We observe 2 information criteria pointing to an optimal lag order of 2, while 2 other information criteria point to an optimal lag order of 12. We opt to select the simpler model with a lag order of 2. Given the very high number of regressors in this specification, we do not show the summary of results, impulse-response and cummulative impulse-response graphs, and other preliminary results to the dynamic VAR specification.
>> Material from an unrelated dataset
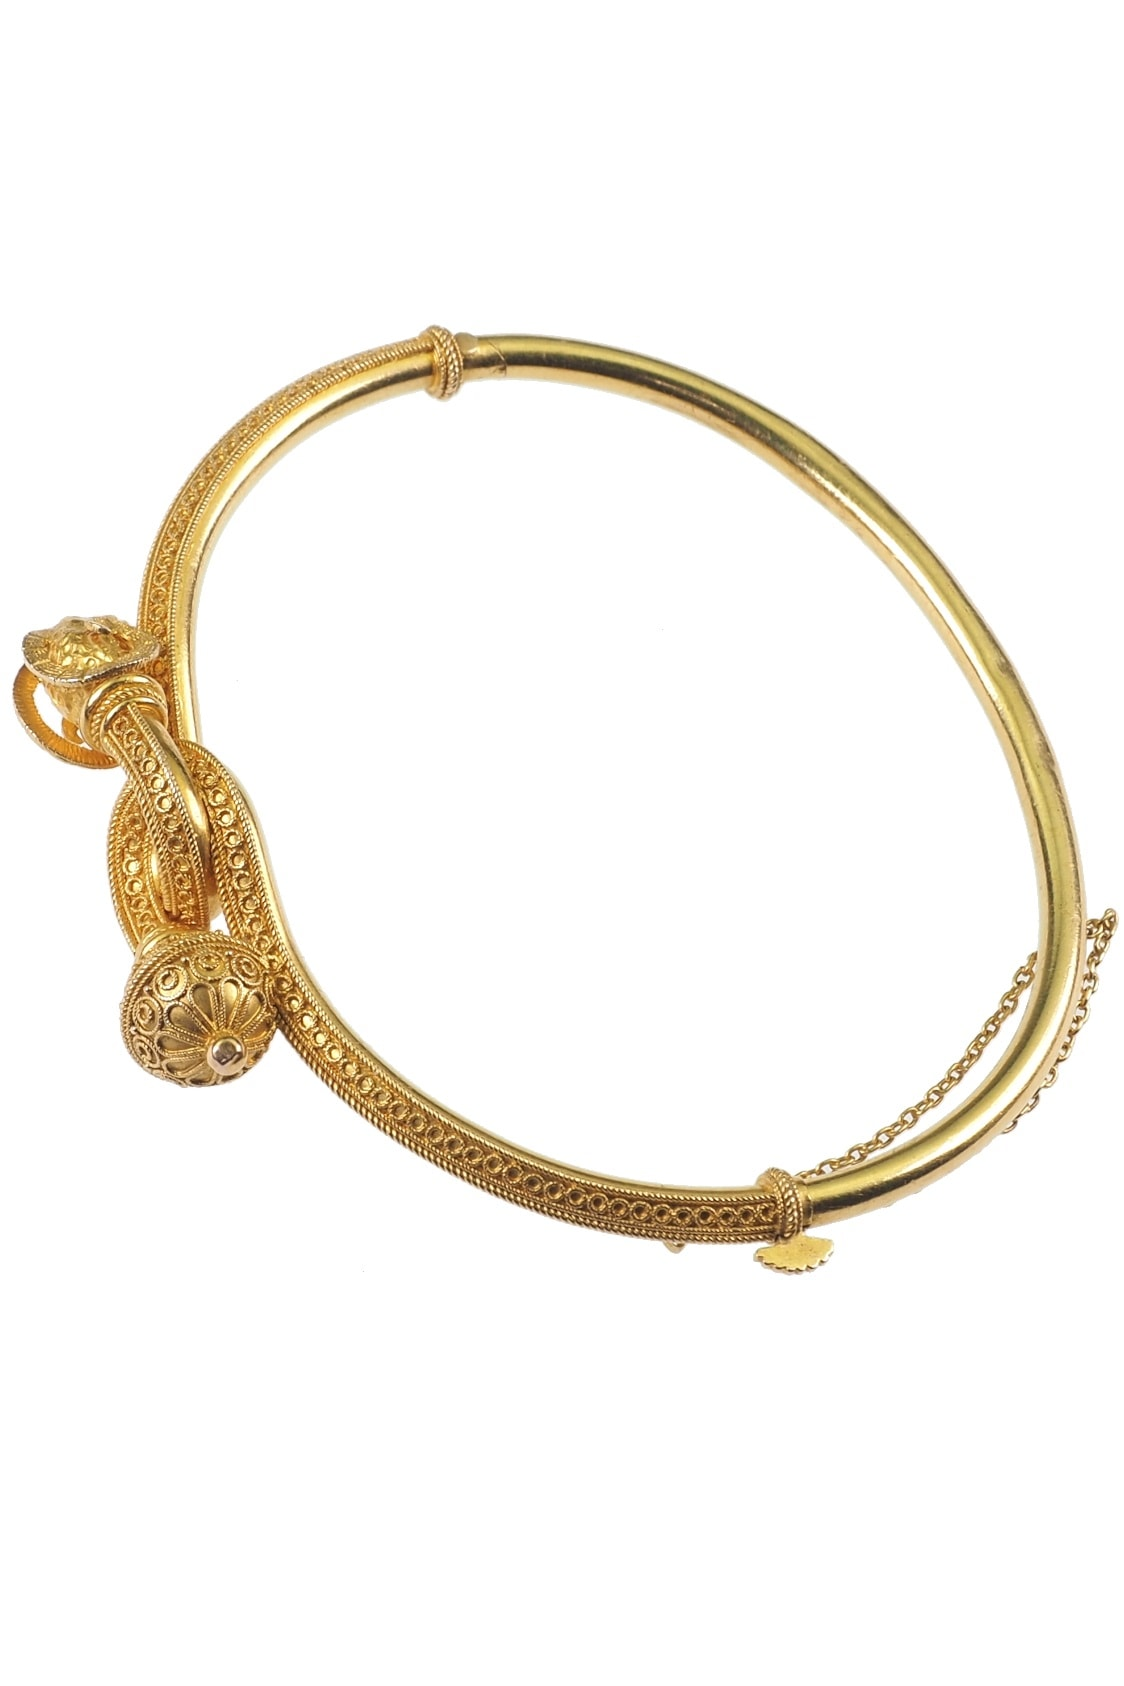 antike-Goldarmreifen-kaufen-2462c

Specifying the Dynamic VAR Model


In [72]:
# Dynamic Specification of the VAR Model
var = tsa.DynamicVAR(dfs, lag_order=2, window_type='expanding')
preds = var.forecast(1)

In [73]:
raw_preds = preds['CCI']

cci_n = cci['1993-01-01':]

sum_preds = raw_preds.cumsum()
pred = pd.Series(cci_n.ix[0], index=cci_n.index)
pred = pred.add(sum_preds, fill_value=0)

In [74]:
from sklearn.linear_model import LinearRegression as LR
x = np.asarray(pred[-12:]).reshape(12, 1)
y = np.asarray(cci_n[-12:]).reshape(12, 1)
lr = LR().fit(x, y)
a = lr.score(x, y)
plt.figure(figsize = (15,5))
plt.plot(cci_n)
plt.plot(pred, color = 'r')
plt.title('CCI: Actual vs. Dynamic VAR Prediction \n R$^2$ for the last year of data = {}'.format(a))
plt.legend(['Actual', 'Dynamic VAR Prediction'], loc='best')
plt.tight_layout()
plt.show()


The roll-forward R2 score for the last 12 months of data suggests that the resulting predictions are only marginally better than average CCI values.

3) Conclusions:

These results suggest that we should not proceed with VAR style specifications, as roll-forward predictions for the last year of data coming from other simpler models outperform both VAR specifications. This however, does not rule out lagged values of the regressors a possible controls that can help improve predictions on current CCI values. In order to control for these possible effects, we proceed now into specifying new machine-learning models that use lags of SWN and LDA topics, along with their current values, as regressors for current values of CCI as unique response.